Infrastructure resources are the subject of many contentious public policy debates, including what to do about crumbling roads and bridges, whether and how to protect our natural environment, energy policy, even patent law reform, universal health care, network neutrality regulation and the future of the Internet. Each of these involves a battle to control infrastructure resources, to establish the terms and conditions under which the public receives access, and to determine how the infrastructure and various dependent systems evolve over time.
Infrastructure: The Social Value of Shared Resources devotes much needed attention to understanding how society benefits from infrastructure resources and how management decisions affect a wide variety of interests. The book links infrastructure, a particular set of resources defined in terms of the manner in which they create value, with commons, a resource management principle by which a resource is shared within a community. The infrastructure commons ideas have broad implications for scholarship and public policy across many fields ranging from traditional infrastructure like roads to environmental economics to intellectual property to Internet policy.

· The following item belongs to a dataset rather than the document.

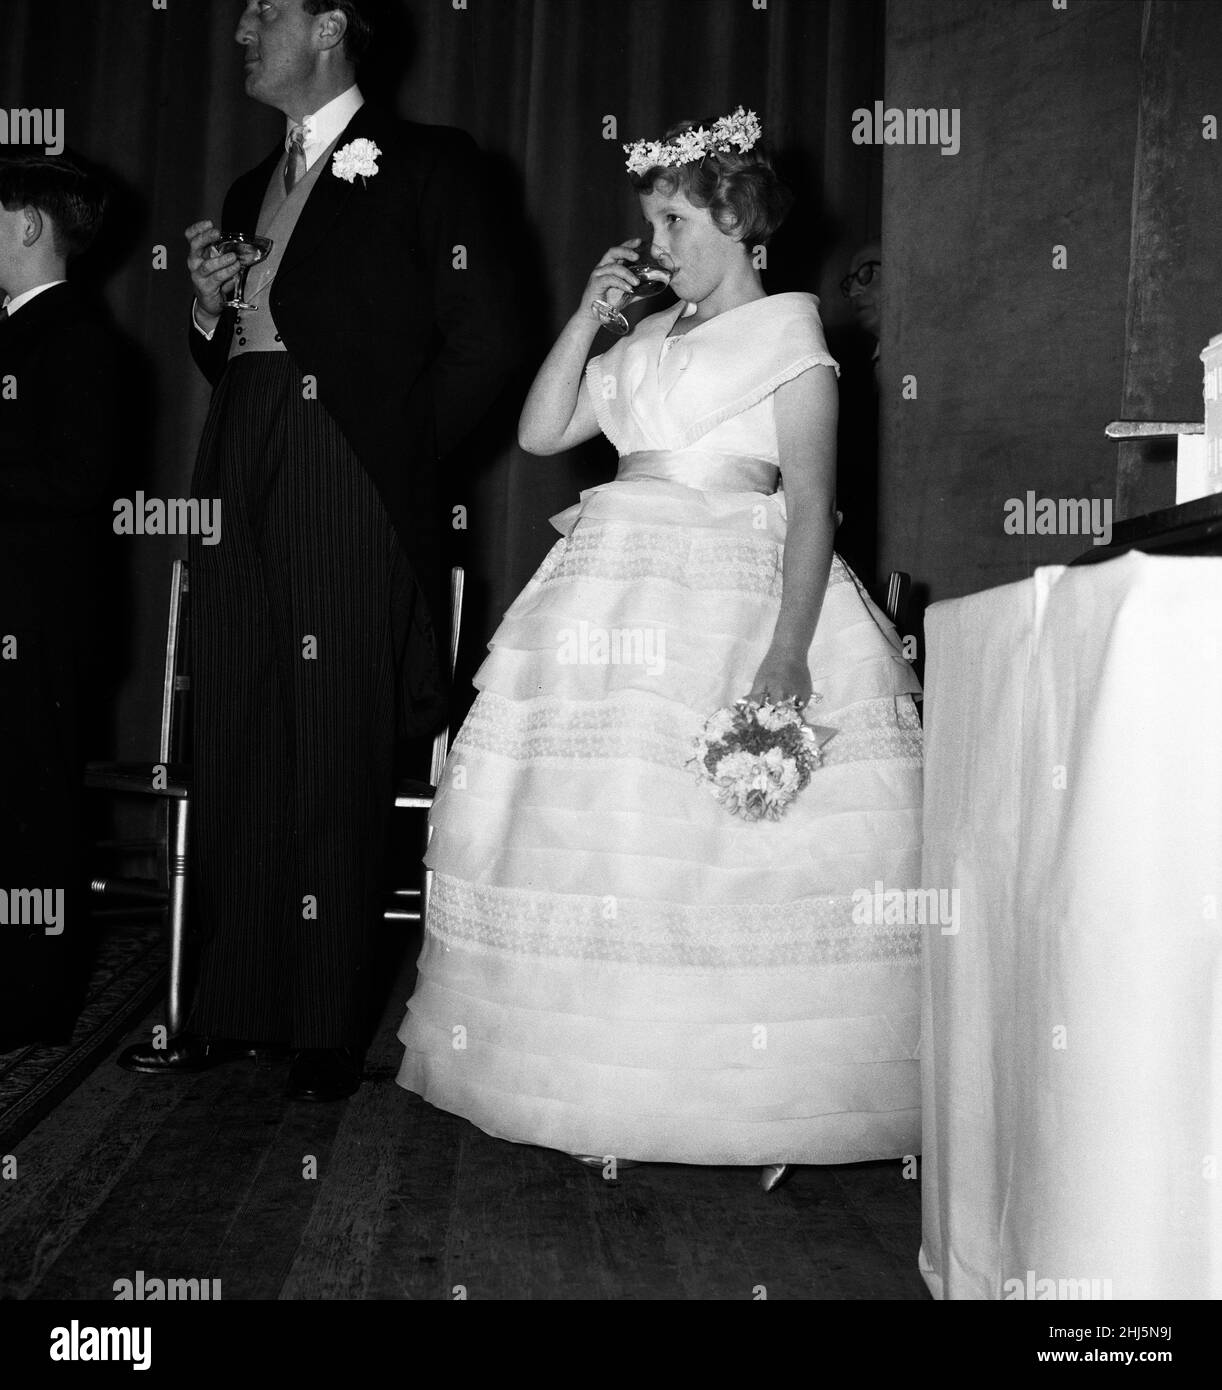 The wedding of Pamela Mountbatten and David Hicks at Romsey Abbey, Hampshire. Princess Anne toasts the couple with non-alcoholic cider. 13th January 1960. Stock Photo

Economics has become the methodology of choice for many scholars and policymakers in these areas. The book offers a rigorous economic challenge to the prevailing wisdom, which focuses primarily on problems associated with ensuring adequate supply. The author explores a set of questions that, once asked, seem obvious: what drives the demand side of the equation, and how should demand-side drivers affect public policy? Demand for infrastructure resources involves a range of important considerations that bear on the optimal design of a regime for infrastructure management. The book identifies resource valuation and attendant management problems that recur across many different fields and many different resource types, and it develops a functional economic approach to understanding and analyzing these problems and potential solutions.
Industry Reviews
"In Infrastructure: The Social Value of Shared Resources, Brett Frischmann's argument is timely and important. What he is attempting here is nothing less than a reimagining of how economics thinks about infrastructure. His argument ranges from intellectual property to telecommunications to the case for government investment in roads and bridges."
--Mark A. Lemley
William H. Neukom Professor, Stanford Law School
Director, Stanford Program in Law, Science, and Technology
Partner, Durie Tangri LLP
"Faculty and students across the social sciences and engineering will all find Brett Frischmann's new book to provide essential guidance for the analysis of diverse types of infrastructure resources and how policies affect the effectiveness, efficiency, fairness, and sustainability of outcomes. Rarely can one find such a broad and useful foundation for digging in and understanding the complexities of modern infrastructures. An extraordinary book."
--Elinor Ostrom, Indiana University, Co-Recipient, the Sveriges Riksbank Prize in Economic Sciences in Memory of Alfred Nobel, 2009
"In Infrastructure: The Social Value of Shared Resources, Brett Frischmann persuades us that infrastructure in its many guises is probably our most important national asset. Looking to law, economics, and regulatory structures, he helps us to define it, and illuminates the many ways it is funded and shared. This book might change the way you look at the economy."
--Suzanne Scotchmer, Faculty Director, Berkeley Center for Law & Technology
Professor of Law, Economics and Public Policy
"Brett Frischmann's excellent contribution to the policy debate surrounding the development and management of shared infrastructure is original, nuanced, and, in keeping with his own principles, accessible. It is important reading for anyone interested in economic policy and regulation."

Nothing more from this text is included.